● Exercise prompt
Pictures aside, quote the whole listing exactly.
======== Raw data
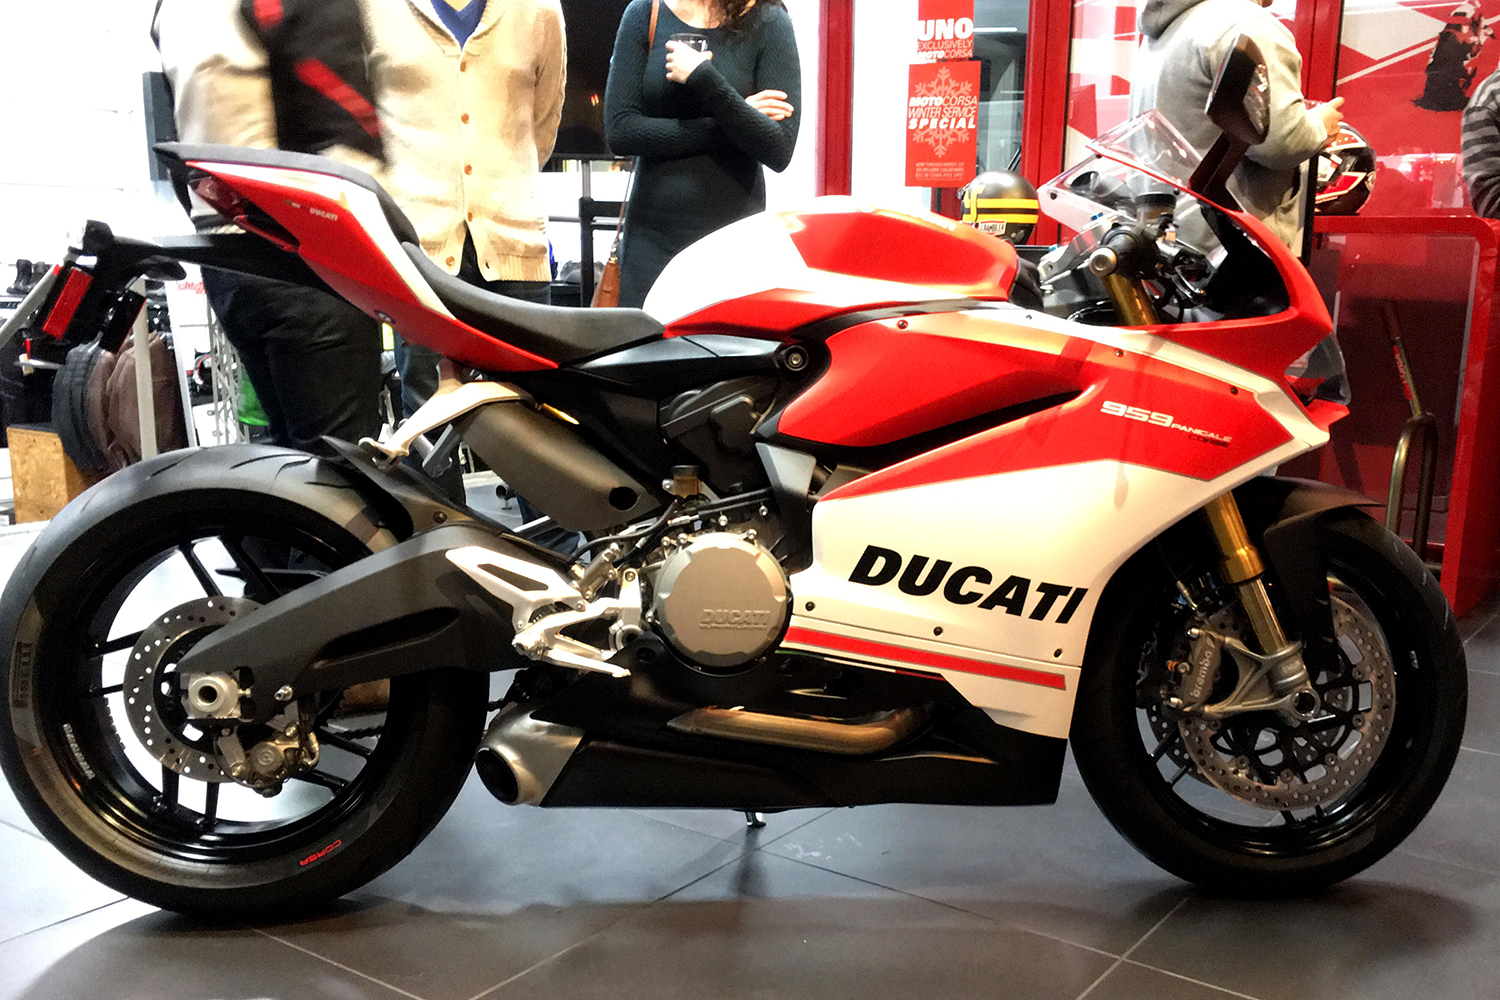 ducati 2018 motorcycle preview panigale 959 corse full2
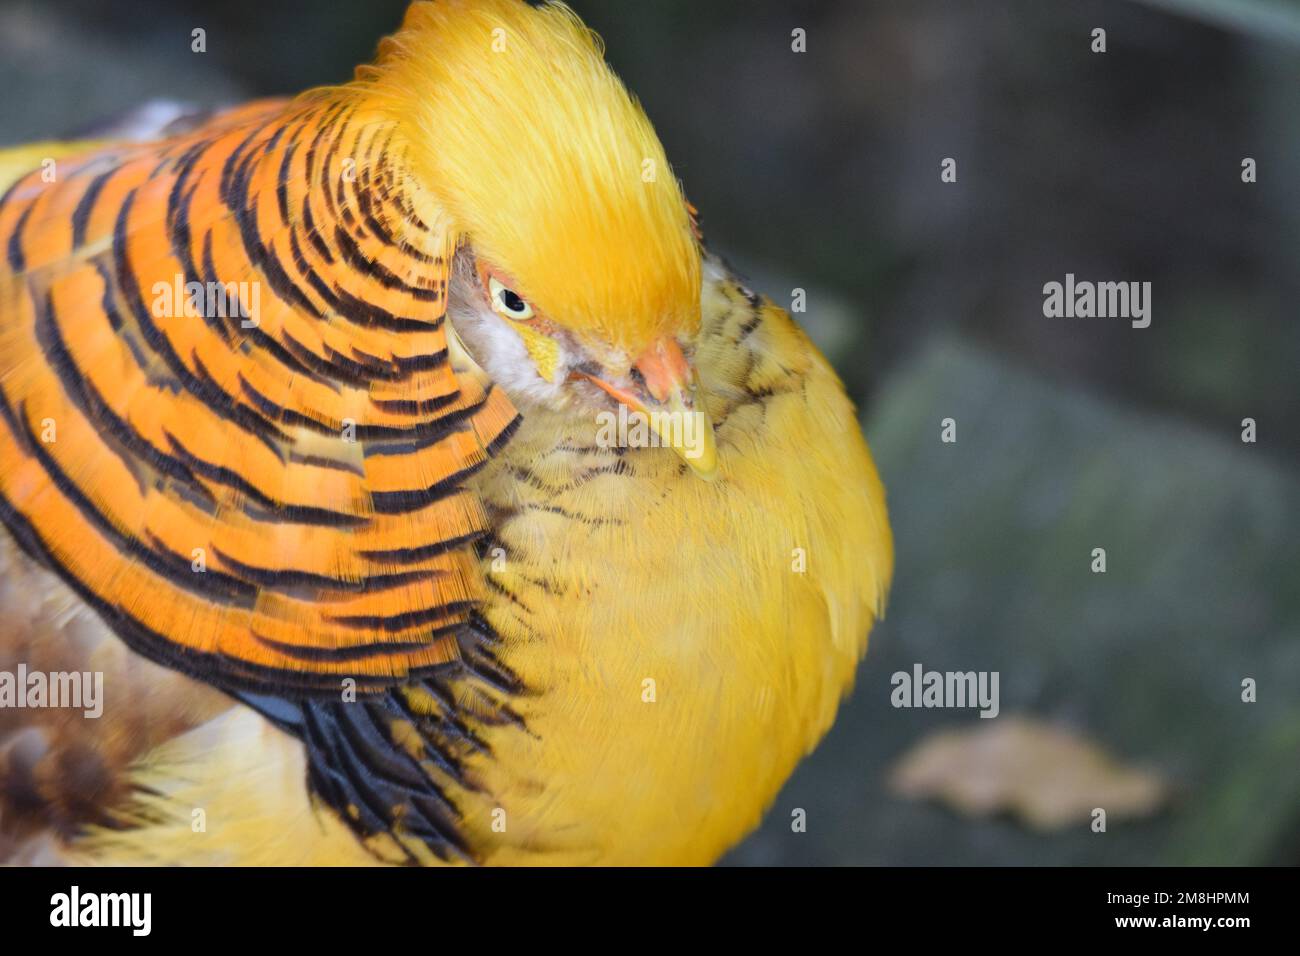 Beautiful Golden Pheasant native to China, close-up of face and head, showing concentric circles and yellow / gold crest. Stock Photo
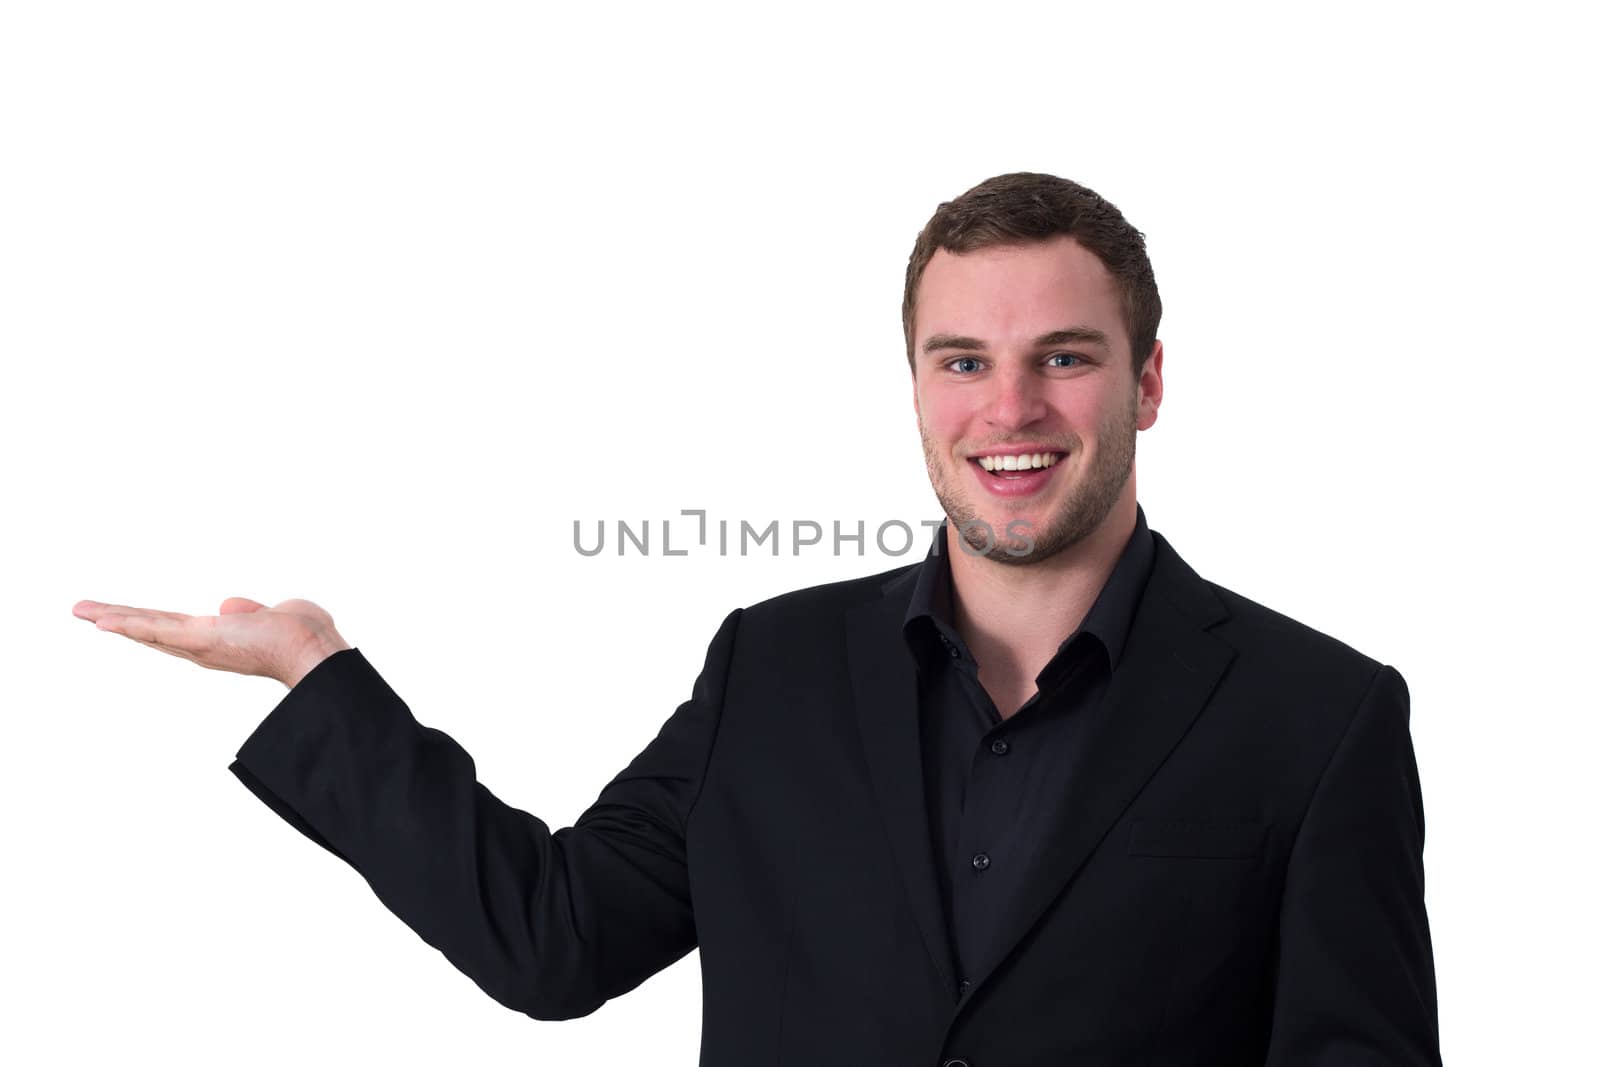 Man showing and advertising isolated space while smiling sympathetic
================
● Result below
 ducati 2018 motorcycle preview panigale 959 corse full2
 Beautiful Golden Pheasant native to China, close-up of face and head, showing concentric circles and yellow / gold crest. Stock Photo
 Man showing and advertising isolated space while smiling sympathetic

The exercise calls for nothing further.